--- TASK DESCRIPTION ---
An exact copy of the lines from the one containing "Full Size of" to the end of the records below is required, and nothing else.

--- EXERCISE MATERIAL ---
• • • •
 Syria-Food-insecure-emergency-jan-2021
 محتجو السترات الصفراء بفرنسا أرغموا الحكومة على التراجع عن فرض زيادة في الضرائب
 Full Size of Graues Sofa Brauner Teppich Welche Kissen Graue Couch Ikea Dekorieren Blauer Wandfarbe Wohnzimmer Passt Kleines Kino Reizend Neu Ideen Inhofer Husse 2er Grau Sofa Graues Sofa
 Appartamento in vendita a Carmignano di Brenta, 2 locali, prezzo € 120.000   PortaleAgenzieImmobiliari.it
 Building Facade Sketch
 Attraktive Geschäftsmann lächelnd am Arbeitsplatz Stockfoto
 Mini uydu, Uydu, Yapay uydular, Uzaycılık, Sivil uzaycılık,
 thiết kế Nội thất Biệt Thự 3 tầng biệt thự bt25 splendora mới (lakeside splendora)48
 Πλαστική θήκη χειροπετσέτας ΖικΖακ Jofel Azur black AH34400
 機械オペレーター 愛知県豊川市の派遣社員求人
• • • •
--- SOLUTION ---
 Full Size of Graues Sofa Brauner Teppich Welche Kissen Graue Couch Ikea Dekorieren Blauer Wandfarbe Wohnzimmer Passt Kleines Kino Reizend Neu Ideen Inhofer Husse 2er Grau Sofa Graues Sofa
 Appartamento in vendita a Carmignano di Brenta, 2 locali, prezzo € 120.000   PortaleAgenzieImmobiliari.it
 Building Facade Sketch
 Attraktive Geschäftsmann lächelnd am Arbeitsplatz Stockfoto
 Mini uydu, Uydu, Yapay uydular, Uzaycılık, Sivil uzaycılık,
 thiết kế Nội thất Biệt Thự 3 tầng biệt thự bt25 splendora mới (lakeside splendora)48
 Πλαστική θήκη χειροπετσέτας ΖικΖακ Jofel Azur black AH34400
 機械オペレーター 愛知県豊川市の派遣社員求人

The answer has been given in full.